Résumé de la décision
La requête de Mme A, visant à contester le classement sans suite de sa demande d'acquisition de la nationalité française, a été rejetée par le tribunal administratif. Mme A n'a pas fourni les documents requis pour compléter son dossier, malgré une mise en demeure de la préfecture. Le tribunal a jugé que le refus d'enregistrer une demande incomplète ne constitue pas une décision faisant grief, et par conséquent, la requête était manifestement irrecevable. La décision précise que Mme A peut soumettre une nouvelle demande via le téléservice Natali.
Arguments pertinents
1. Incomplétude du dossier : Le tribunal a constaté que Mme A n'avait pas ouvert le courriel l'invitant à fournir des documents complémentaires et n'avait pas soumis les pièces demandées, ce qui a conduit à la conclusion que sa demande était incomplète. Cela est en accord avec l'article 40 du décret n° 93-1362, qui stipule que "l'autorité peut, à tout moment de l'instruction de la demande, mettre en demeure le demandeur de produire les pièces complémentaires".

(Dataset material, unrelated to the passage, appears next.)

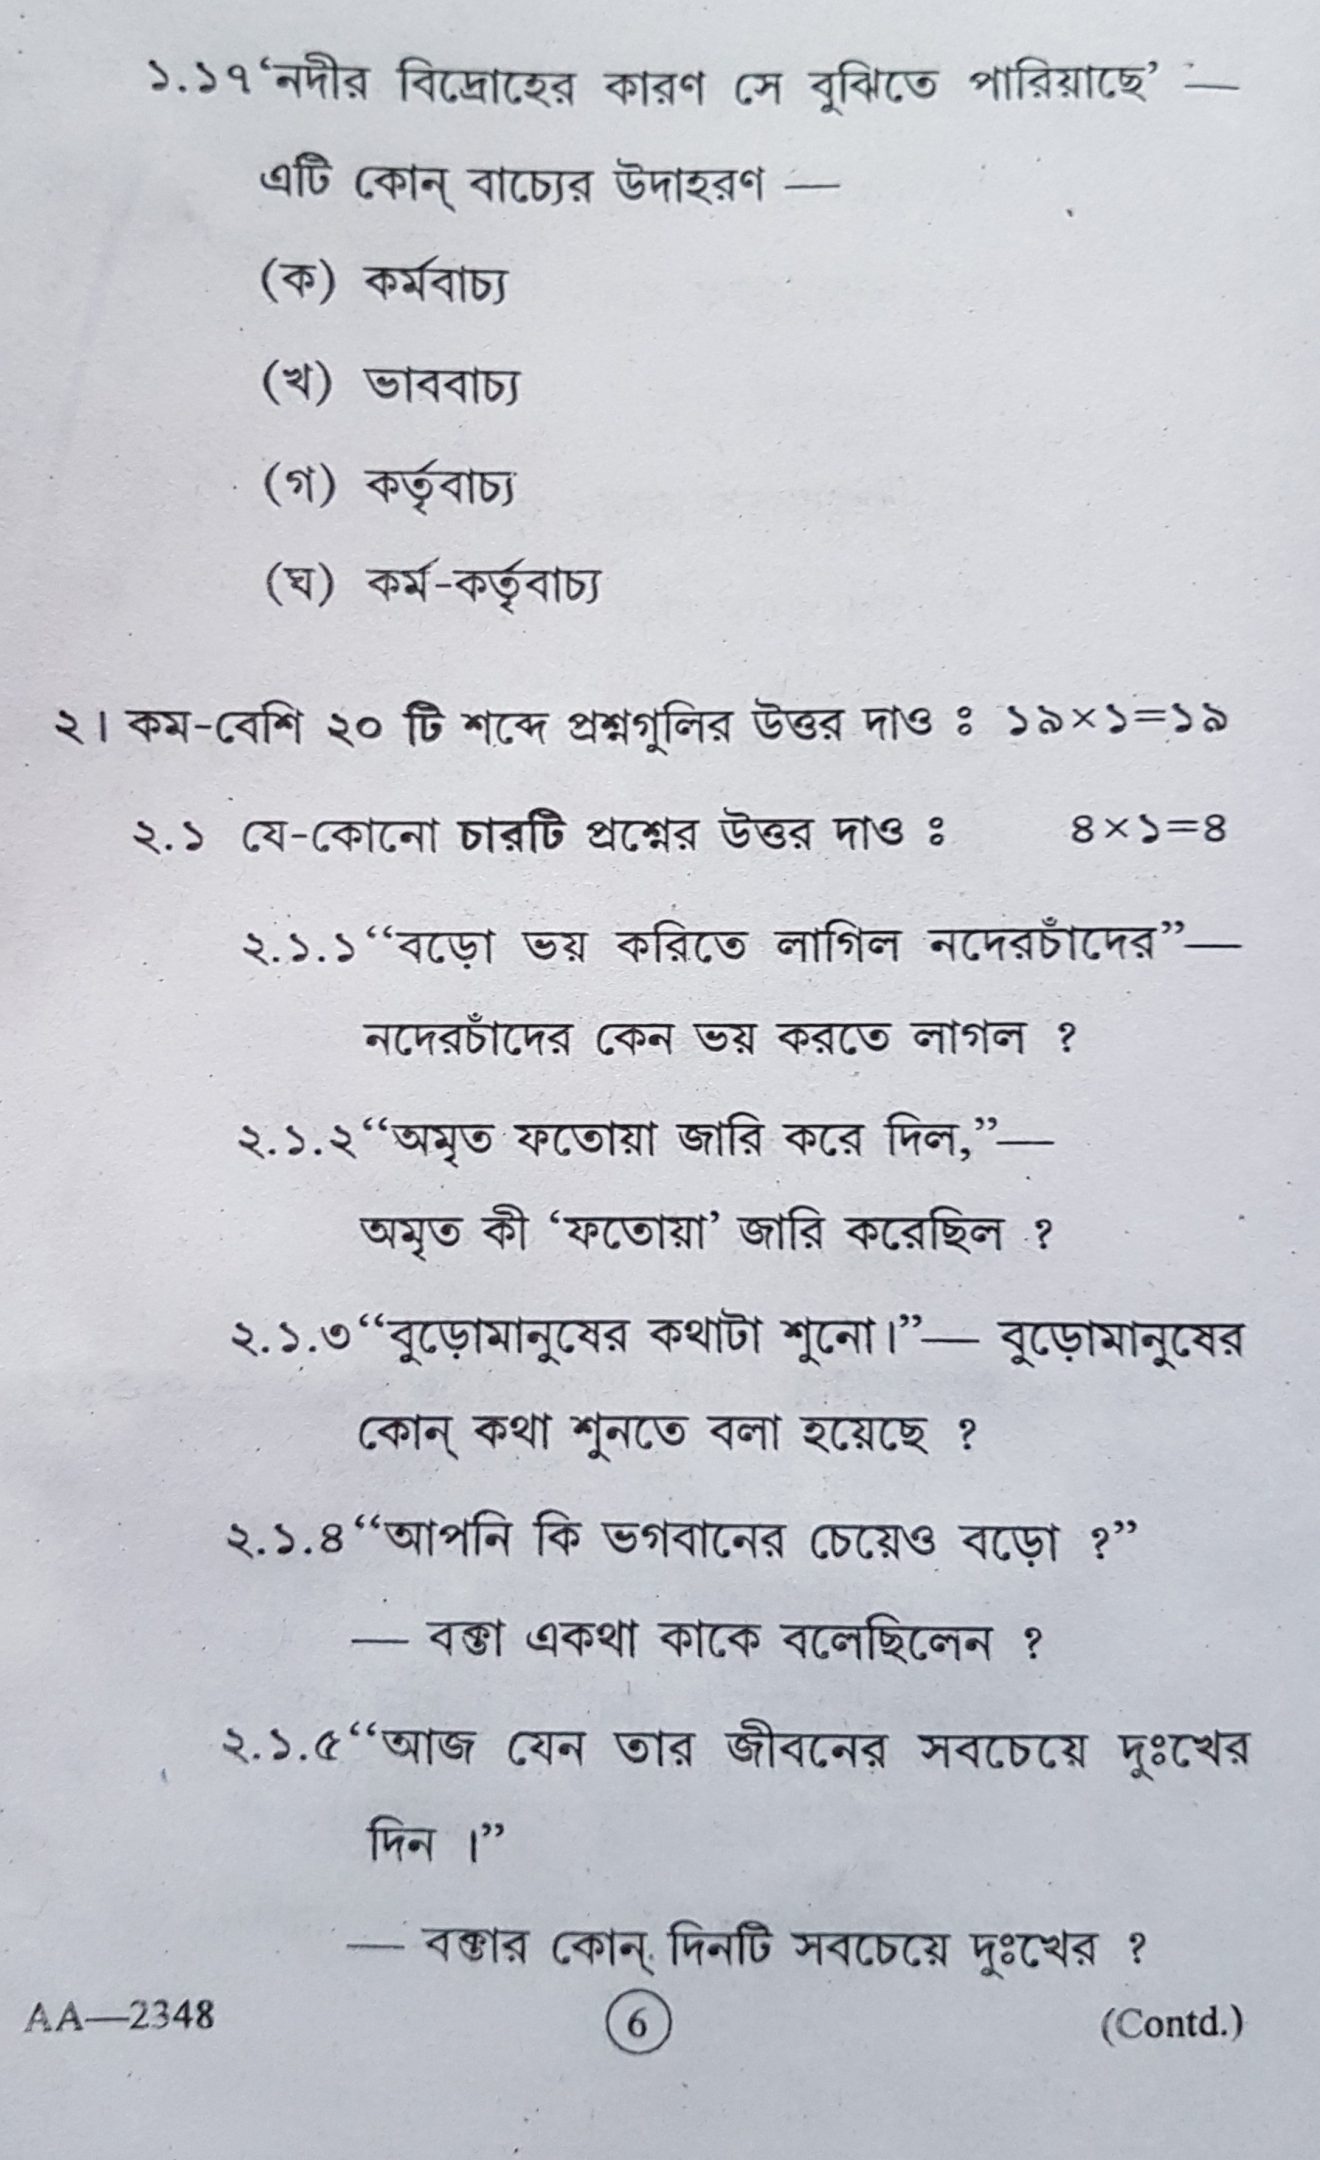 west-bengal-madhyamik-bengali-question-paper-2020-wbbse-west-bengal

2. Absence de décision faisant grief : Le tribunal a affirmé que le refus d'enregistrer une demande incomplète ne constitue pas une décision susceptible de recours pour excès de pouvoir. Cela repose sur le principe que seules les décisions faisant grief peuvent être contestées, comme le précise l'article R. 222-1 du code de justice administrative.
3. Irrecevabilité de la requête : En vertu de l'article R. 222-1 du code de justice administrative, la requête de Mme A a été jugée manifestement irrecevable, car elle ne contenait pas l'exposé des moyens nécessaires à son examen.

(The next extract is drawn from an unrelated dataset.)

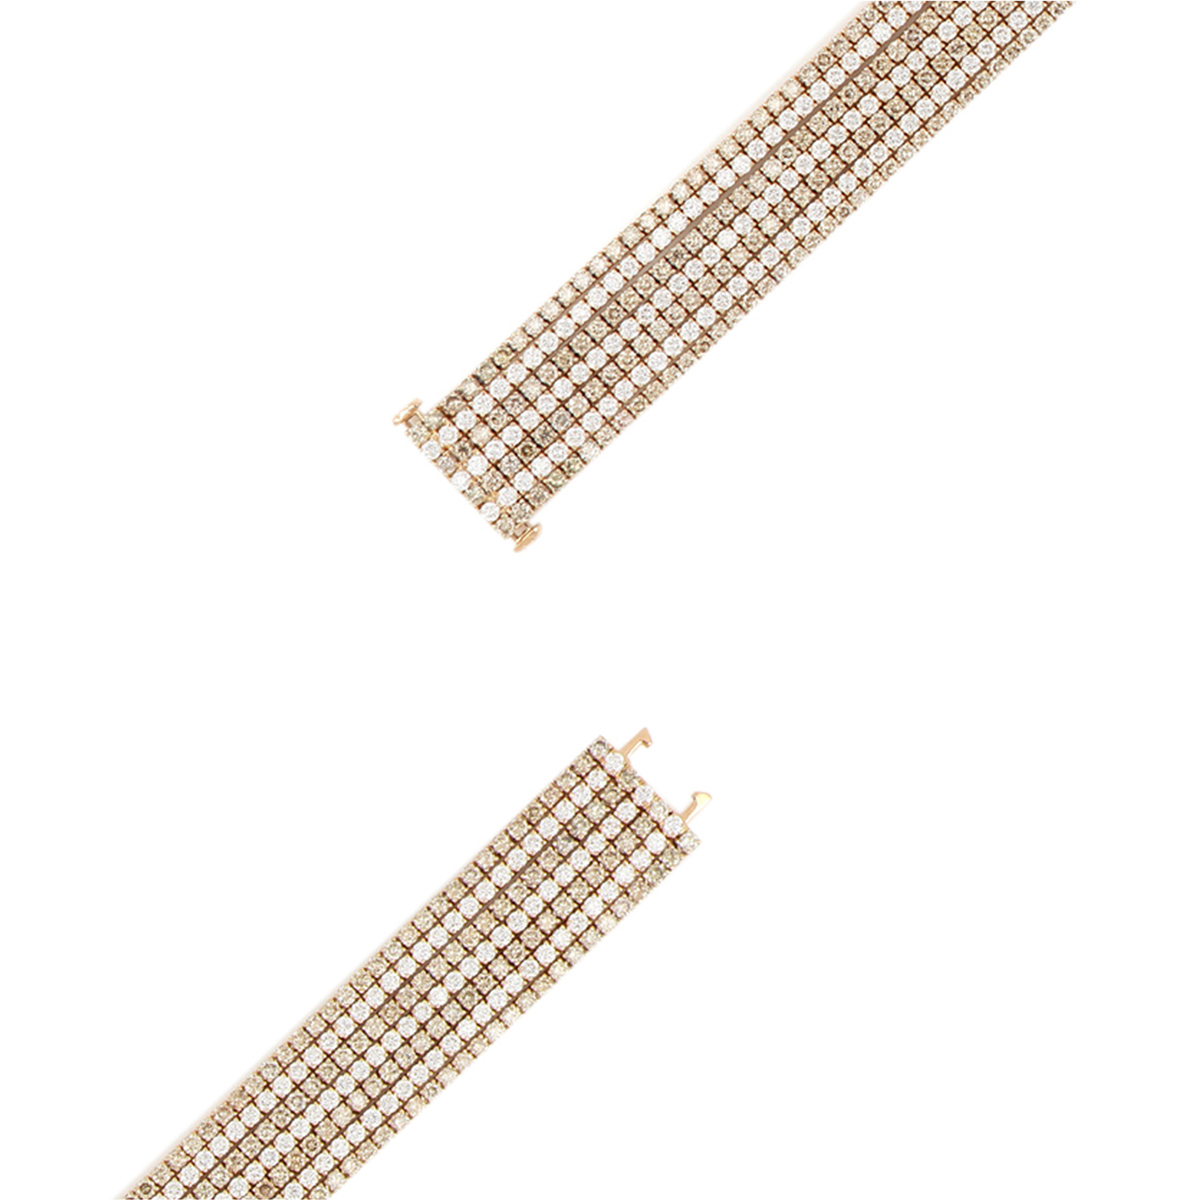 Wide Link Bracelet with White and Brown Diamonds

Interprétations et citations légales
1. Décret n° 93-1362 - Article 40 : Cet article permet à l'autorité de demander des pièces complémentaires à tout moment de l'instruction. Il souligne l'importance de la complétude du dossier pour l'examen de la demande de naturalisation.
2. Code de justice administrative - Article R. 222-1 : Cet article permet aux présidents de formation de jugement de rejeter des requêtes manifestement irrecevables. La décision précise que "la juridiction n'est pas tenue d'inviter leur auteur à les régulariser", ce qui renforce l'idée que la responsabilité de la complétude du dossier incombe au demandeur.
3. Code de justice administrative - Article R. 411-1 : Cet article stipule que la requête doit contenir l'exposé des faits et des moyens. L'absence de moyens dans la requête de Mme A a conduit à son irrecevabilité, car elle ne pouvait pas régulariser sa demande après l'expiration du délai imparti.
En conclusion, la décision du tribunal administratif repose sur des principes clairs concernant la recevabilité des demandes administratives et l'importance de la complétude des dossiers, tout en offrant à Mme A la possibilité de soumettre une nouvelle demande.